The included studies frequently evaluated more than one test, on more than one target disorder, and in more than one setting. There were a total of 685 separate test evaluations, which were analysed in terms of category of test (figure 3), category of target disorder (figure 4) and patient setting (figure 5). Classification was based on a combination of evidence from the individual studies, guidance from ICD-10 [37] and clinical experience. Note that in the following paragraphs, numbers given represent the number of separate evaluations, not the number of studies.

Figure 3
figure 3

Distribution of broad categories of tests analysed.

Figure 4
figure 4

Distribution of tests analysed per target disorder category.

Figure 5
figure 5

Distribution of tests analysed per patient setting. Secondary care specialties shown in red.

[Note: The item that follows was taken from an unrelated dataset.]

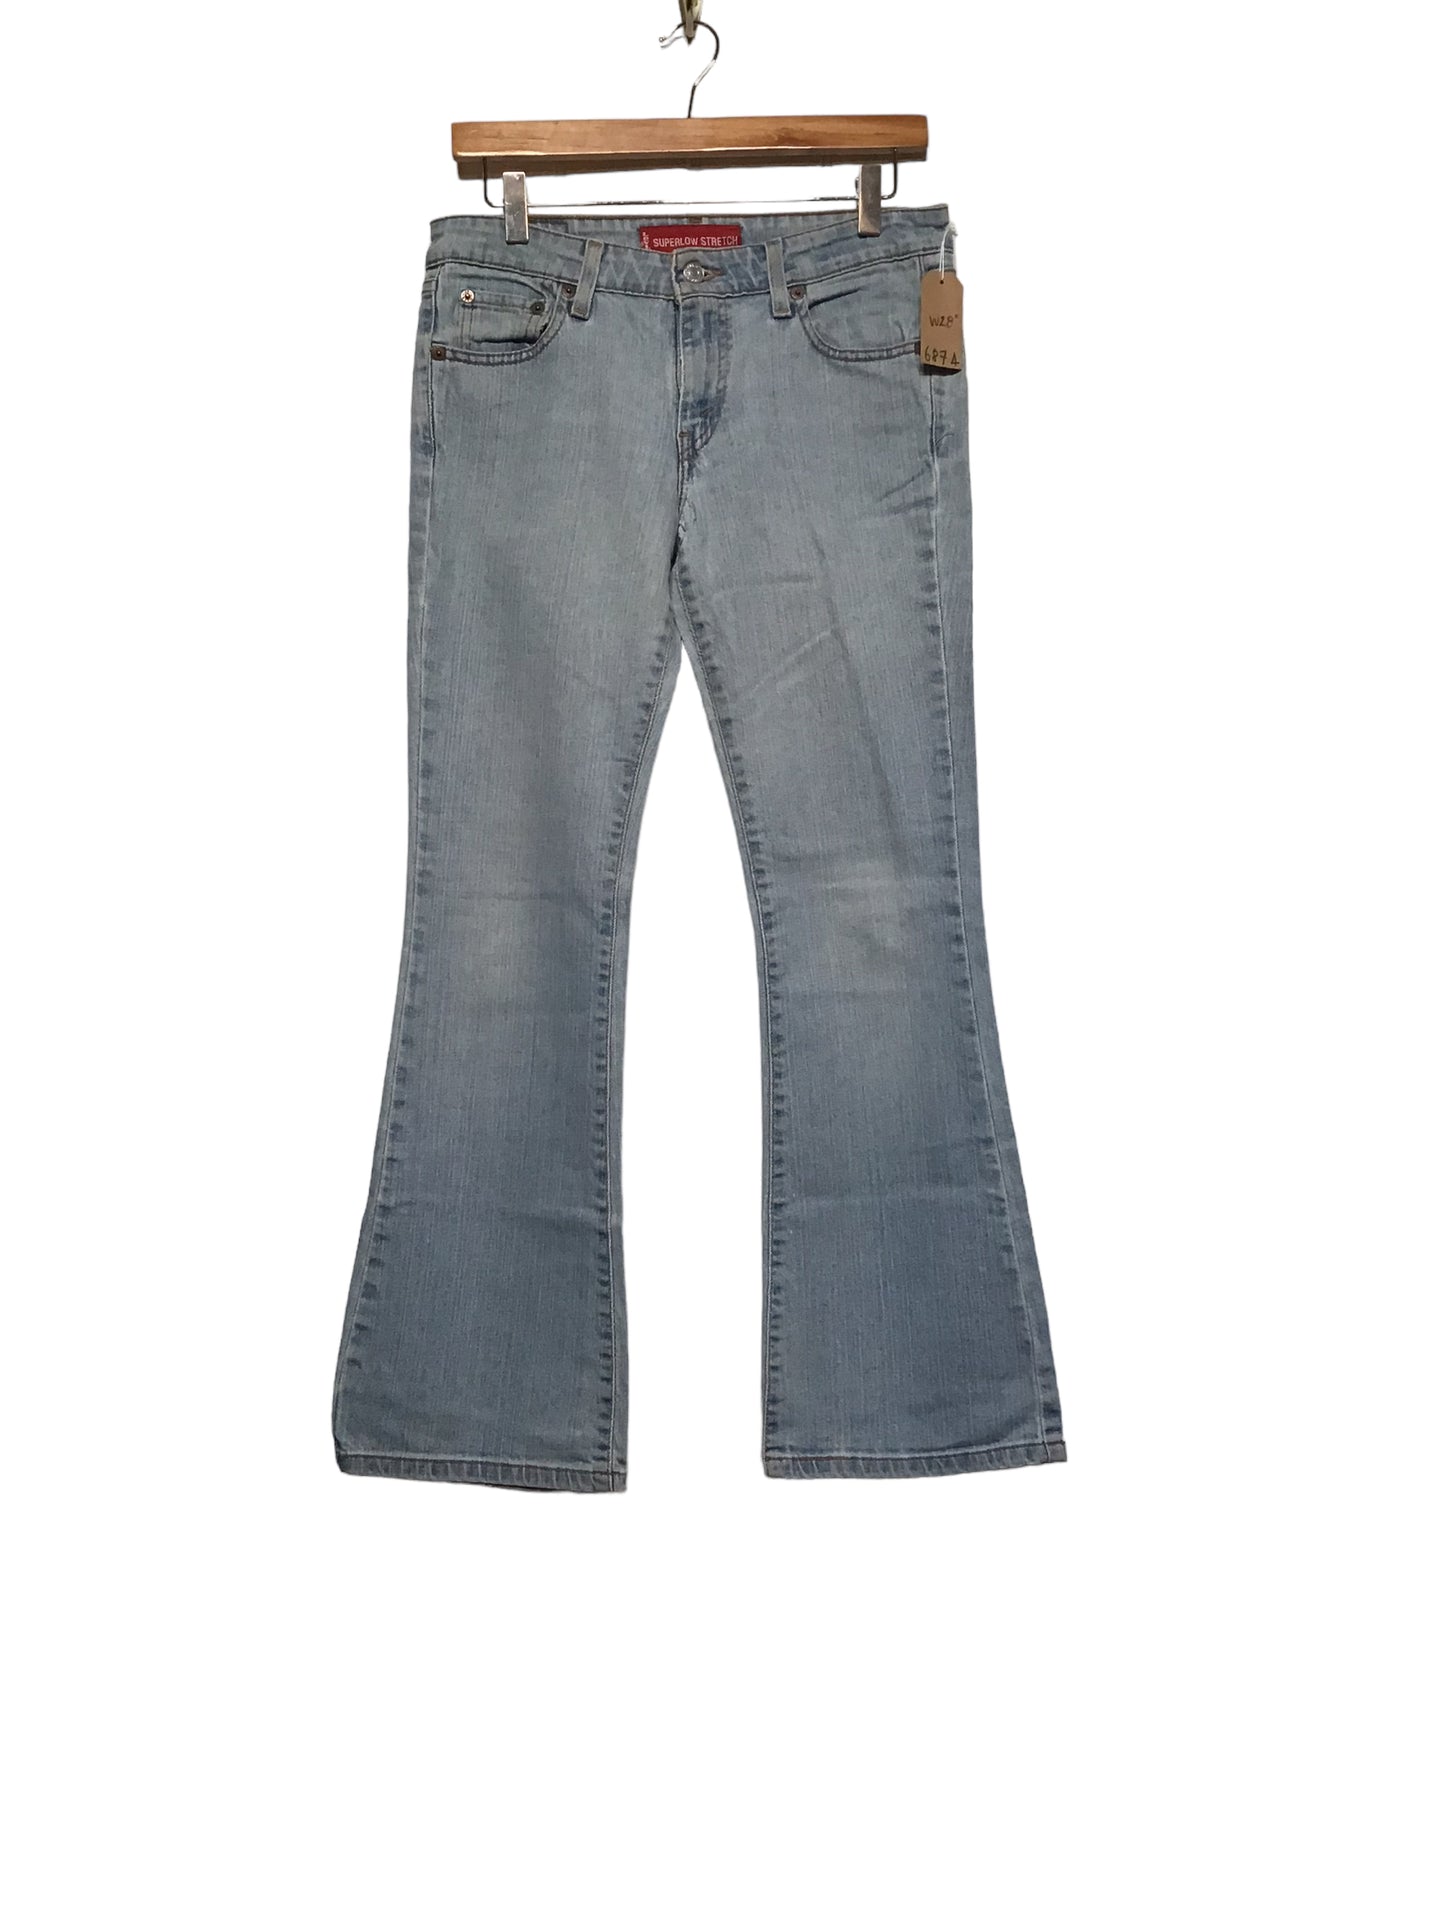 Levi 518 Jeans (32x30)

Radiological imaging tests were the most common type of test appraised, with ultrasound (69), magnetic resonance (64) and computer tomography (53) being the most frequent technologies evaluated (figure 3). Although 26% of tests analysed were categorised as clinical, this total is somewhat skewed by six studies, which accounted for nearly half of the clinical tests (figure 3).

Broadly, cancer (147) and infection (145) were the most frequent categories of target disorder appearing in the included studies (figure 4) with tuberculosis (50), stable coronary artery disease (36) and gallstones and cholecystitis (33) being the most common conditions. Although the investigation of cancer varied, a common theme was the evaluation of imaging technologies to stage the disease after the primary lesion had already been identified. Ischaemic heart disease (87) also appeared repeatedly as a target disorder of interest, either as an acute manifestation (acute coronary syndrome, or myocardial infarction) or as a chronic one (coronary artery disease, exertional angina).

The typical populations in which the tests would be applied in practice are shown in figure 5. The most striking feature from the tests evaluated is the proportion that would be used in a secondary (or greater) care setting. Although there is an even distribution across the sub-specialties, 87% of the diagnostic tests in the studies are hospital based (figure 5).

A description of the characteristics for the individual studies may be found in Additional file 6.


Summary of evidence

Over the past decade the number of meta-analyses published in diagnostic research has clearly increased. Although our stricter criteria excluded some of the earlier publications, the recent surge in reporting is both a reflection of increased interest in the field and greater attention to quality by investigators.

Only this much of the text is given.